Forjar un nuevo consenso político

Las corrientes políticas nacionales e internacionales son un conjunto de estímulos que obligan a los responsables políticos estadounidenses a adoptar algún tipo de estrategia industrial nacional. Otra es la sorprendente variedad de grupos de interés nacionales que piden algún tipo de estrategia nacional, incluidas las comisiones y consejos laborales, empresariales y cualquier número de comisiones y consejos no partidistas.

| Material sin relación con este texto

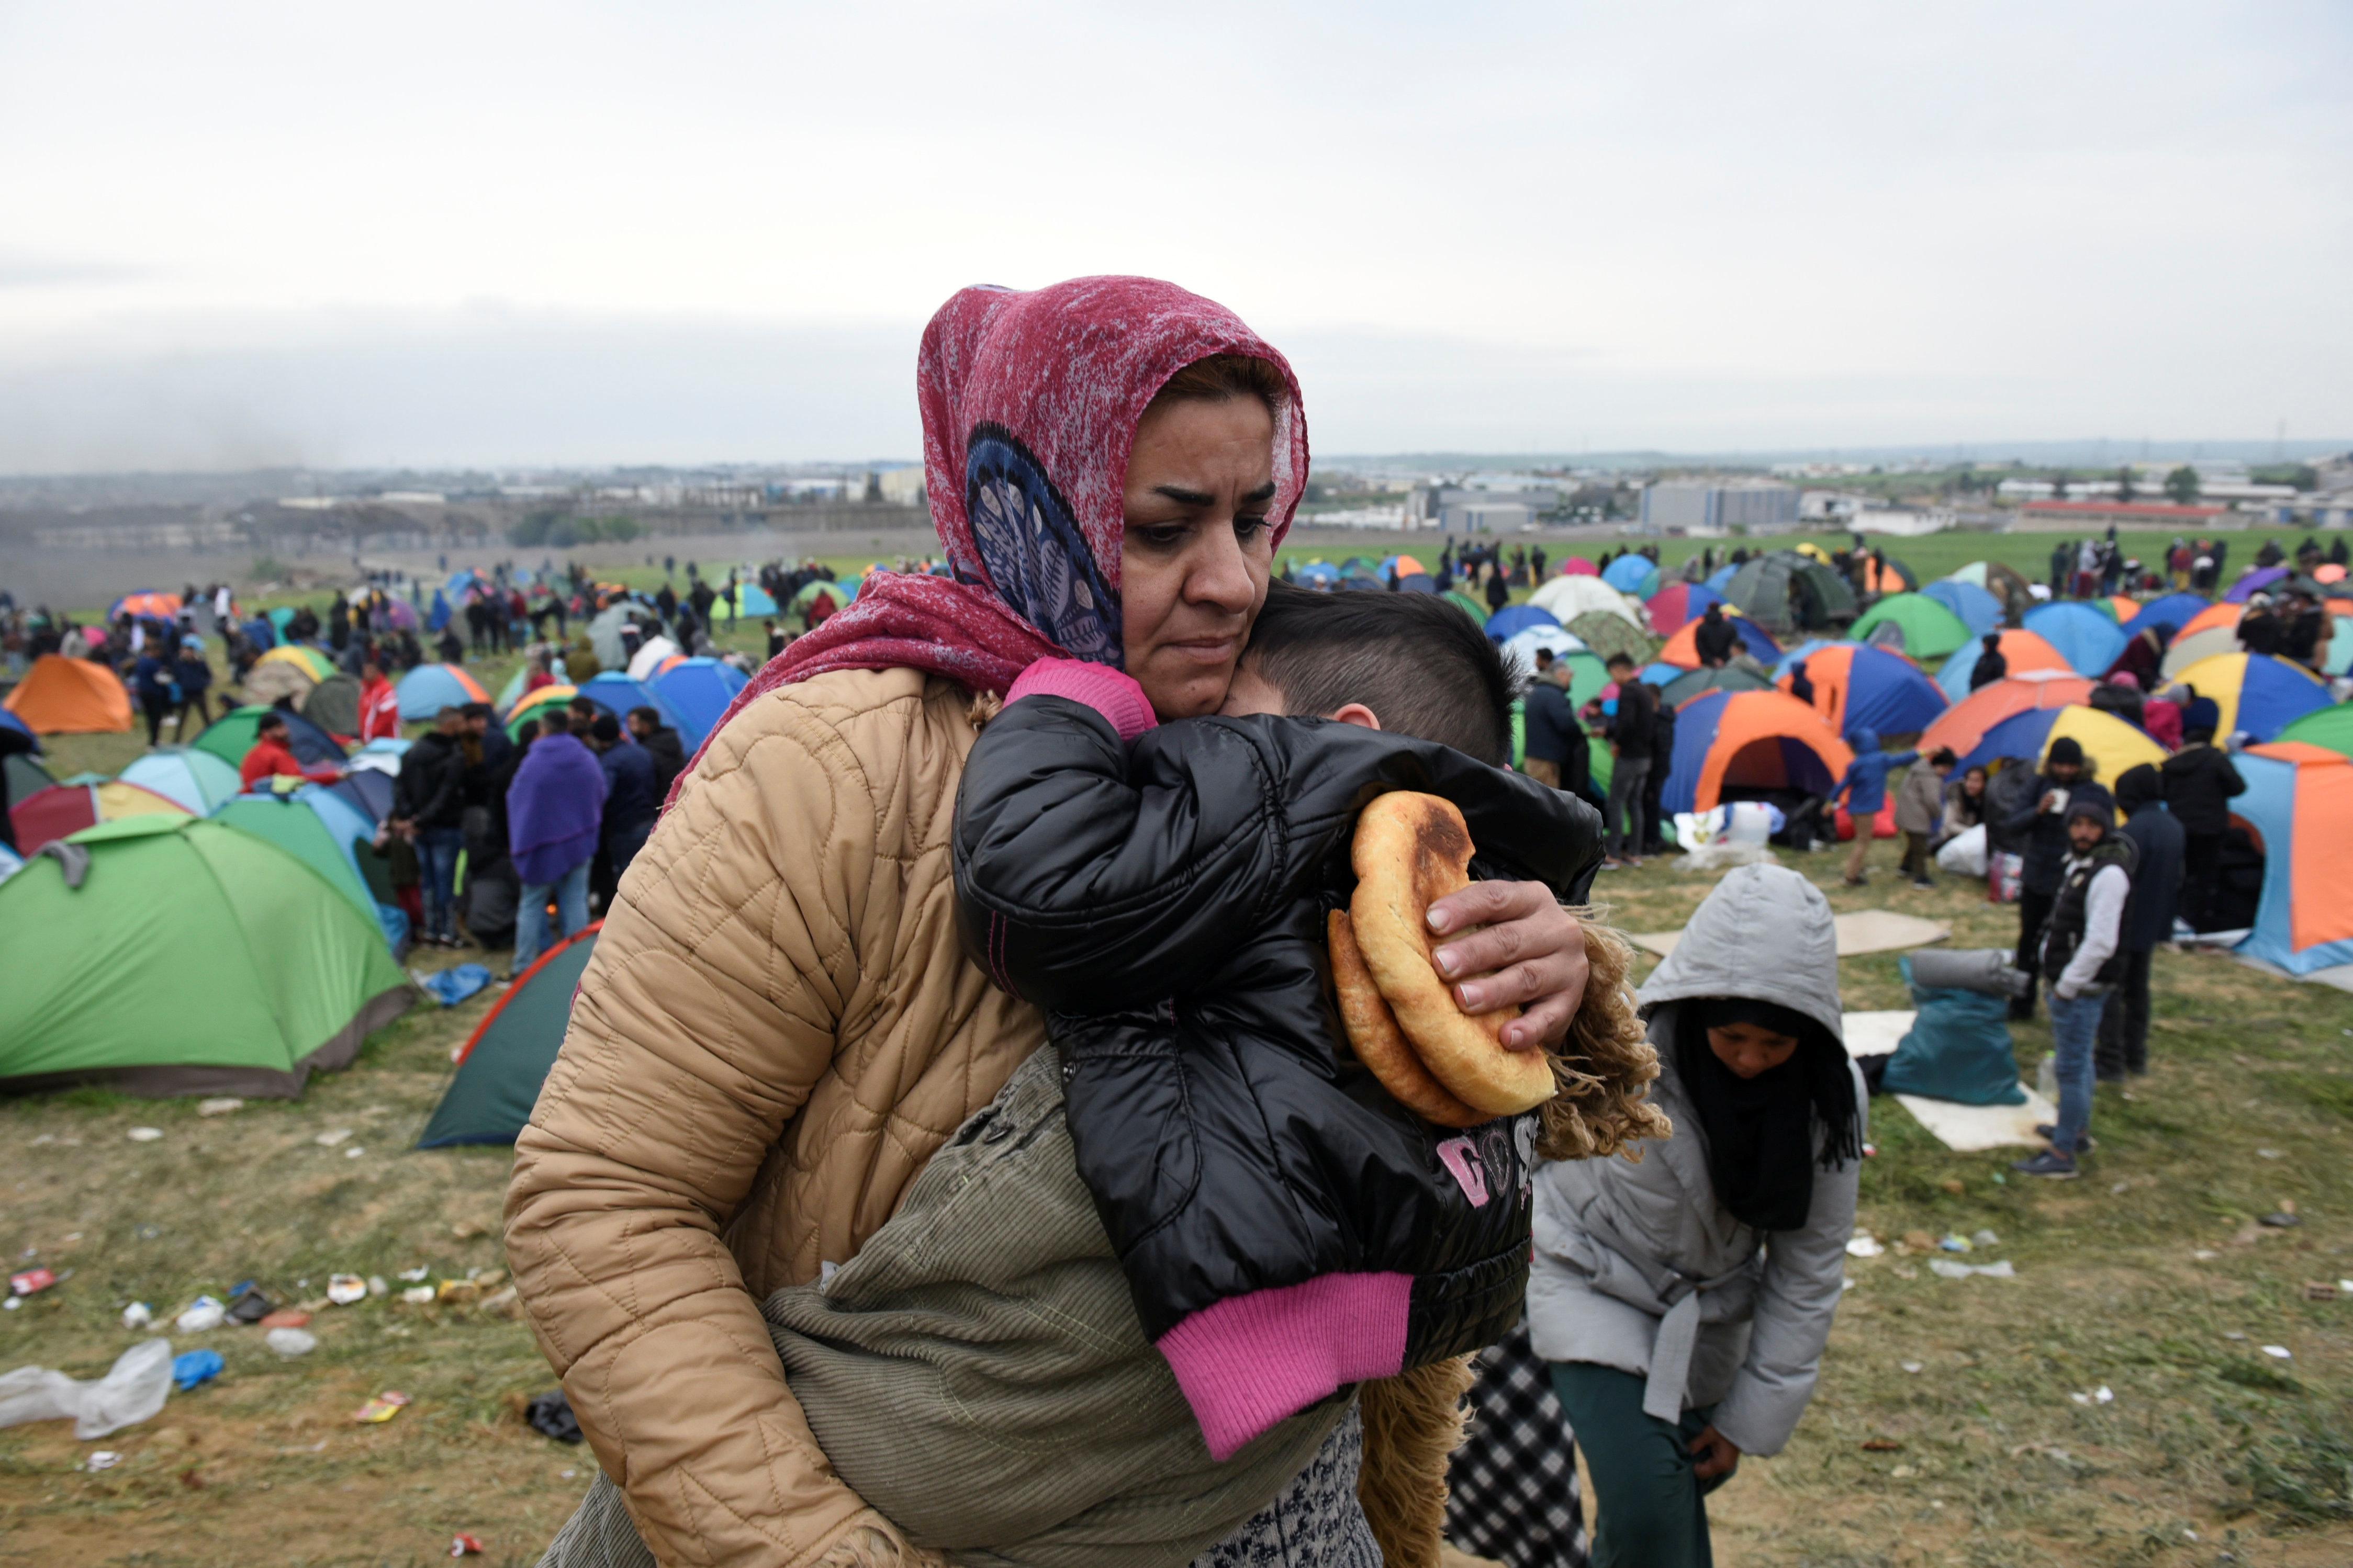 Διαβατά: Η Ειδομένη επιστρέφει με καταλήψεις και ένταση στα

El hecho de que los trabajadores organizados sigan presionando por una política industrial no debería sorprender. Durante más de una década, a medida que el empleo en la industria estadounidense ha caído, los líderes sindicales han buscado desesperadamente un compromiso federal para apuntalar o revitalizar los sectores de la economía de la industria manufacturera pesada en declive, que se encuentran entre los últimos bastiones del sindicalismo industrial. Las cifras son tan pronunciadas como conocidas: hace 20 años, casi 30% de los trabajadores del sector privado pertenecían a sindicatos. Para 1990, la afiliación sindical en la industria privada había bajado a 12,1%—y algunos pronostican una participación sindicalizada tan baja como el 5%% para el año 2000.

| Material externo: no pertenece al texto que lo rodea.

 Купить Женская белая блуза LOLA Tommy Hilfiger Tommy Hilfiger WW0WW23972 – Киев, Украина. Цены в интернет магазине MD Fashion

Pero un avance político mucho más importante ha sido el cambio en las actitudes de las empresas. A principios de la década de 1980, las voces empresariales más contundentes que pedían una política industrial procedían de ejecutivos de sectores en declive, como el acero, la minería o el textil. En efecto, su petición de política industrial era una petición de proteccionismo en sus sectores.

Sin embargo, a medida que avanzaba la década de 1980, el apoyo empresarial a un enfoque más activista se amplió, impulsado por la creciente conciencia de que las alianzas entre empresas y gobiernos extranjeros necesitan ser contrarrestadas por alianzas similares en los Estados Unidos. Hoy en día, los principales portavoces empresariales de un gobierno más activista no provienen de los sectores tradicionales sino de los que están a la vanguardia de la economía: empresas de alta tecnología que luchan contra la competencia mundial, empresas aeroespaciales avanzadas que se enfrentan a las interrupciones de la pérdida de contratos de defensa y los recortes del gasto militar, e incluso las industrias de servicios mundiales que se enfrentan a las barreras nacionales al libre comercio de servicios.

George Fisher, director ejecutivo de Motorola y actual presidente del Consejo de Competitividad, personifica esta nueva actitud: «Nuestros principales rivales actuales ya no son los militares», dijo Fisher a una audiencia en Chicago el pasado mes de febrero. «Son quienes siguen políticas económicas, tecnológicas e industriales diseñadas para ampliar su participación en los mercados mundiales. Así son las cosas. La política estadounidense debe reflejar esta realidad si queremos seguir siendo un líder mundial y un modelo a seguir».

Varios grupos consultivos, consejos empresariales y centros de estudios también promocionan agresivamente la intervención y el activismo del gobierno. En su primer informe anual, el cuasioficial Consejo de Política de Competitividad (también creado por la Ley de Comercio de 1988) pidió una estrategia económica nacional agresiva. En particular, el consejo propuso una nueva agencia federal para evaluar el futuro de las principales industrias, supervisar a sus competidores extranjeros y desarrollar políticas que ayuden a las industrias fundamentales a mantenerse competitivas.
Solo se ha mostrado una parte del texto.